Um memorial de Arjona, uma cidade considerável perto de Jaen, ilustra uma
fase diferente do assunto. Relata que um certo Álvaro de Escalera daquele lugar MÉTODOS
conspirou com outros homens maus para informar aos inquisidores de Jaén que INQUISITORIAIS
havia numerosos hereges em Arjona, de modo que quando os confiscos fossem
vendidos, poderiam comprar o imóvel barato. No devido tempo, um inquisidor veio com o notário
Barcena. Nenhum Termo de Graça foi dado, mas o Edito da Fé foi publicado, assustando os habitantes com
suas fulminaçőes, a menos que testemunhassem contra seus vizinhos. Então um dominicano pregou um
ardente sermão no sentido de que todos os Conversos eram realmente judeus, a quem era dever dos cristãos
destruir.

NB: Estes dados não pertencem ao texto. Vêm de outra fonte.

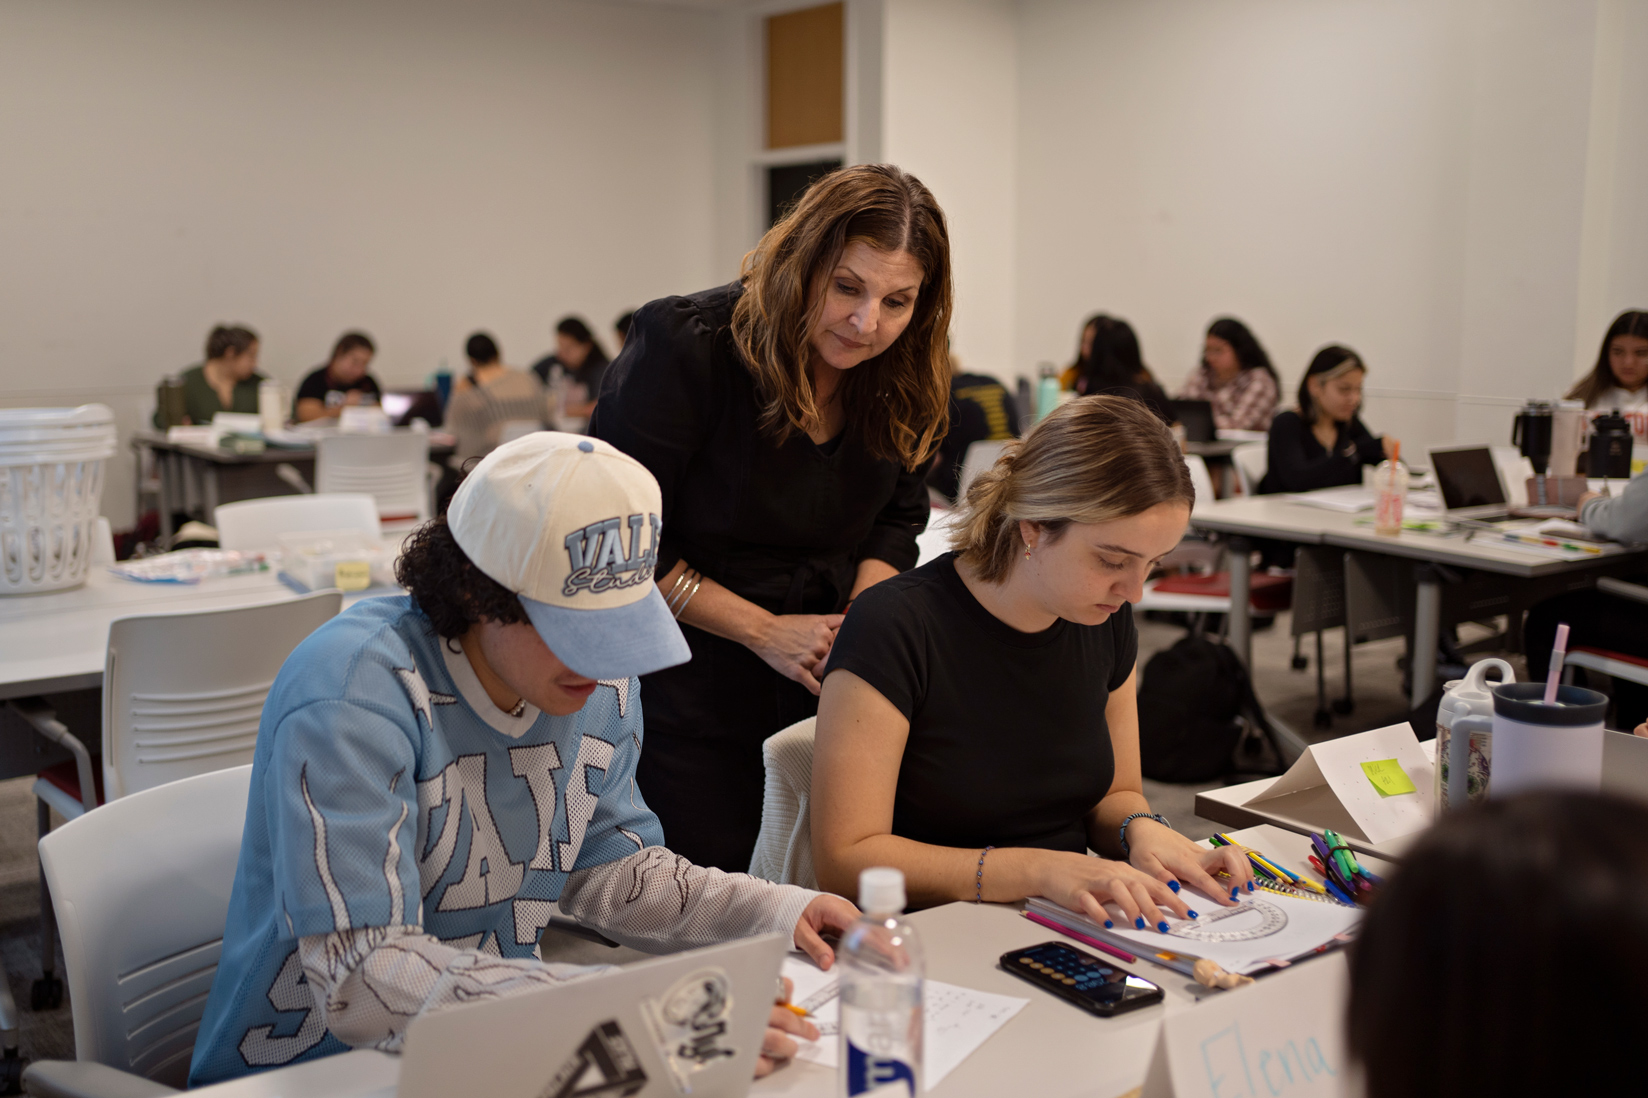 Carrie Cutler, a clinical associate professor of mathematics education, works with students during a teacher-certification class with seniors at the University of Houston.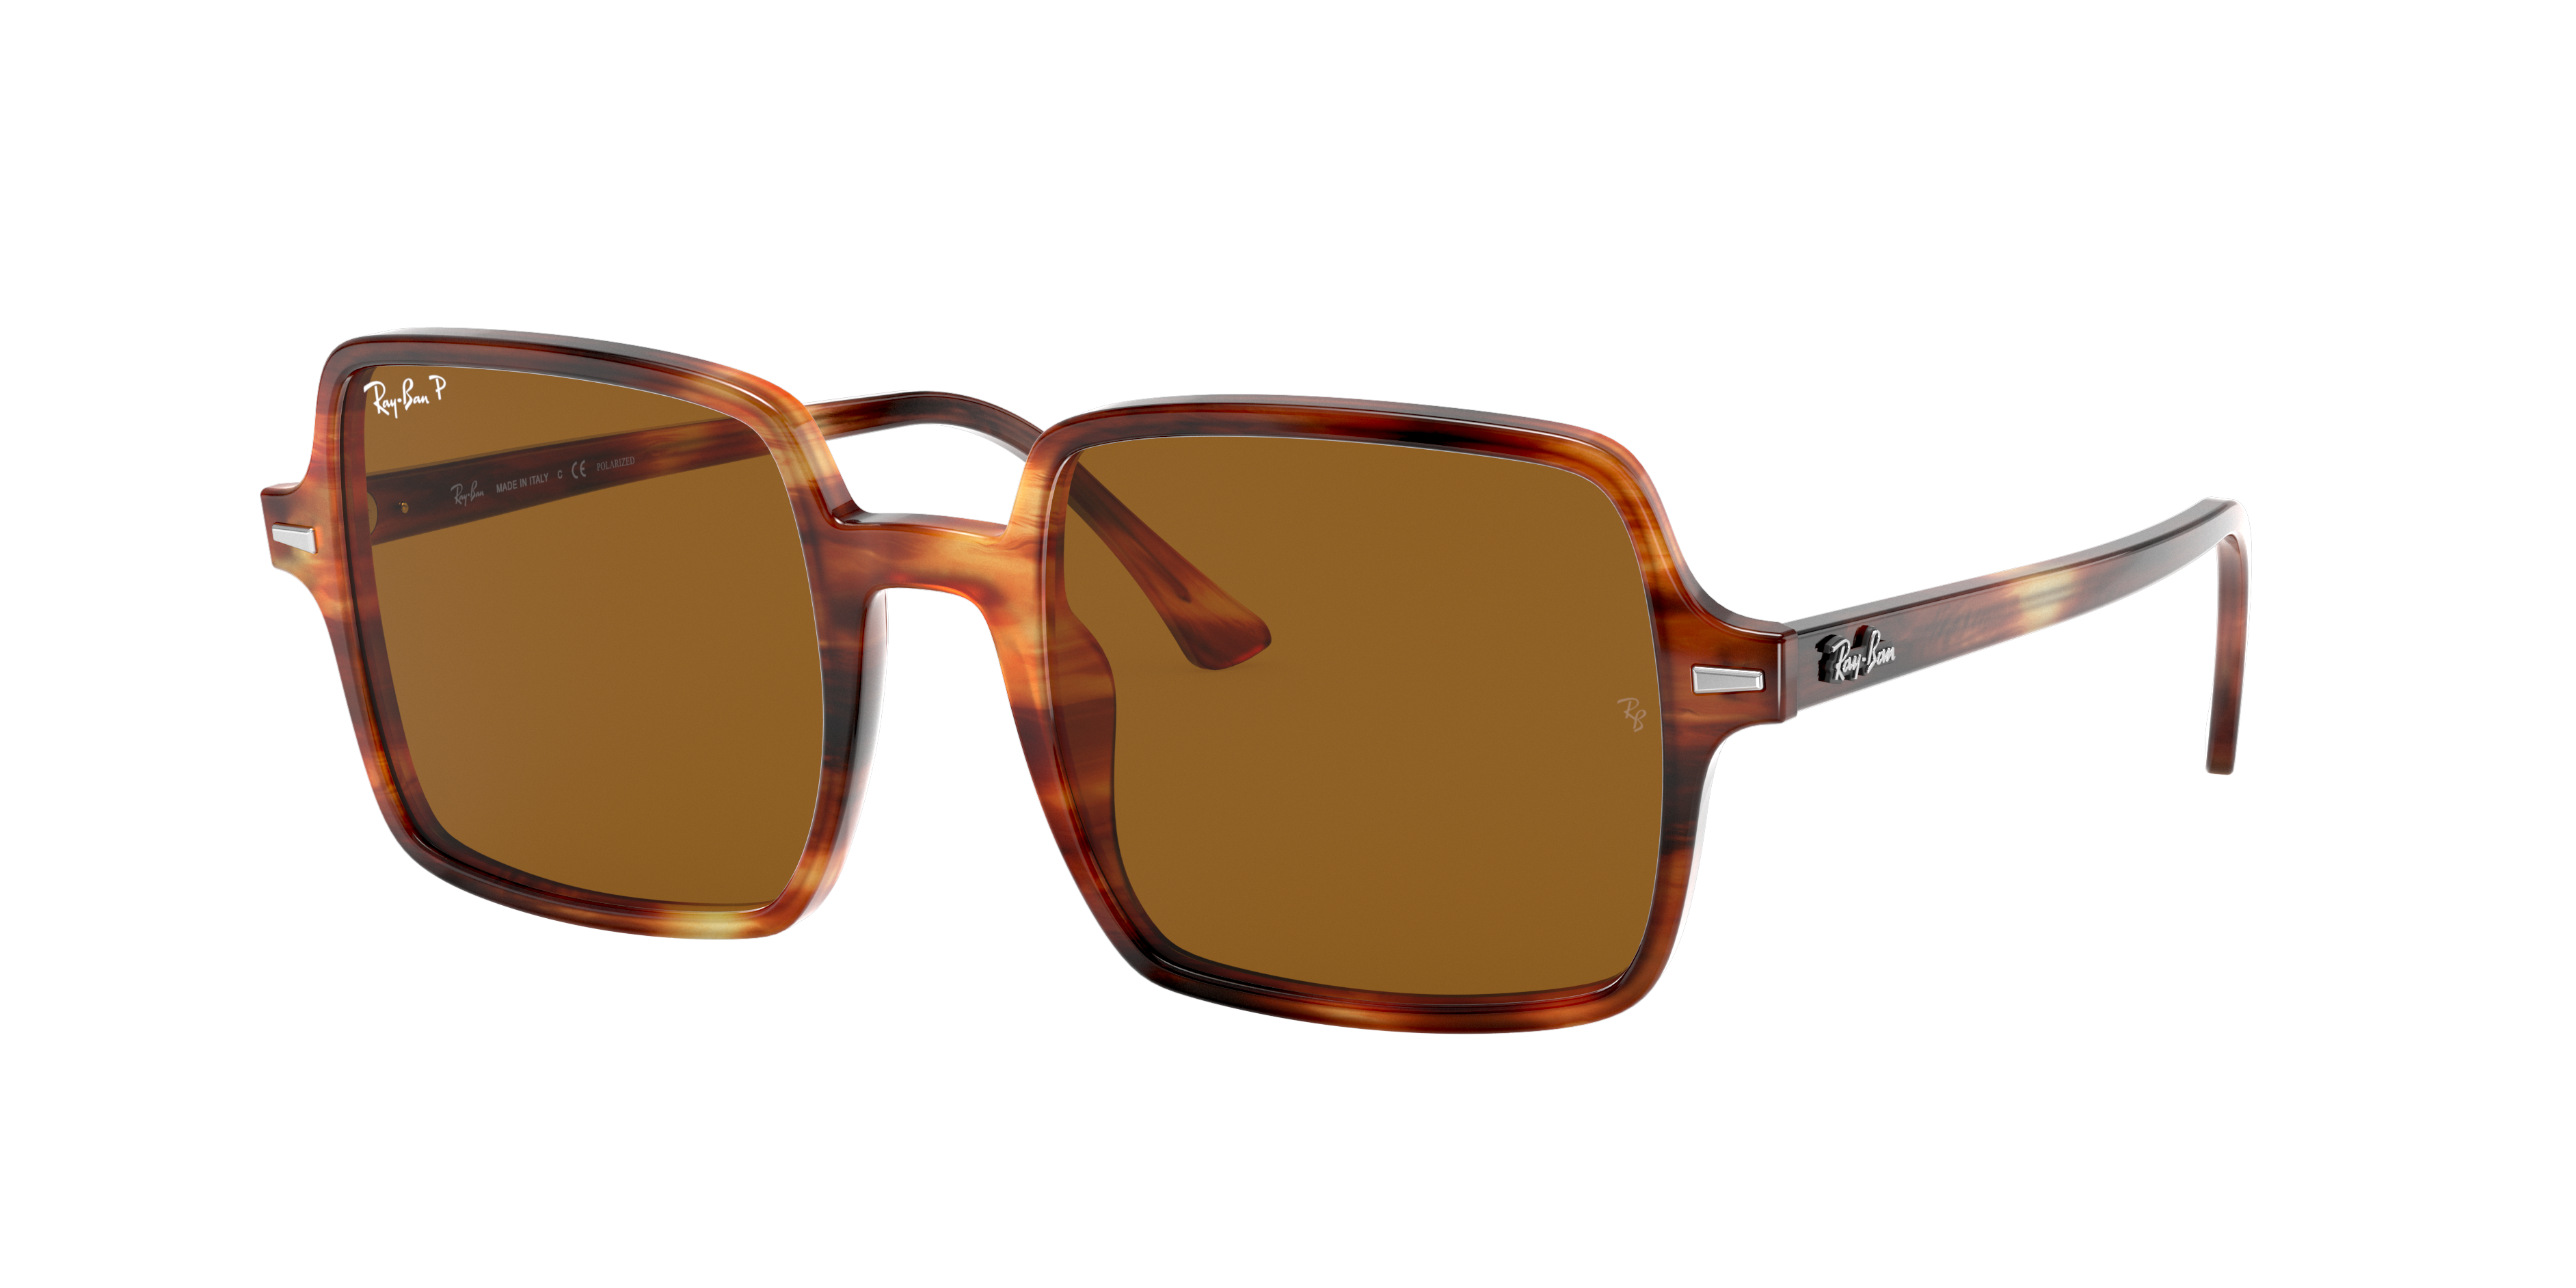 Brown square sunglasses with tortoise frame. Available at Ray-Ban. Summer honeymoon must-haves.

Os inquisidores então enviaram os escravos dos Conversos, prometendo-lhes liberdade se
testemunhassem contra seus senhores e lhes assegurasse sigilo. O notário seguiu percorrendo a cidade com
Escalera e seus amigos, proclamando que havia uma multa de dez reales sobre todos os que não se
apresentariam com testemunho, e a exigência da multa de um número teve uma influência acelerada nas
memórias dos outros. . Então uma casa para casa foi feita para provas; as mulheres foram informadas de
que era impossível que não conhecessem as tendências judaicas de seus vizinhos; eles poderiam dar as
provas que eles desejavam para seus nomes não seriam divulgados; eles não eram obrigados a provar isso,
pois o acusado tinha que desaprová-lo. Aqueles que não conversavam estavam ameaçados de serem
levados para Jaen e acusados pelos vizinhos, e, de fato, um número foi levado e obrigado a depor na prisão.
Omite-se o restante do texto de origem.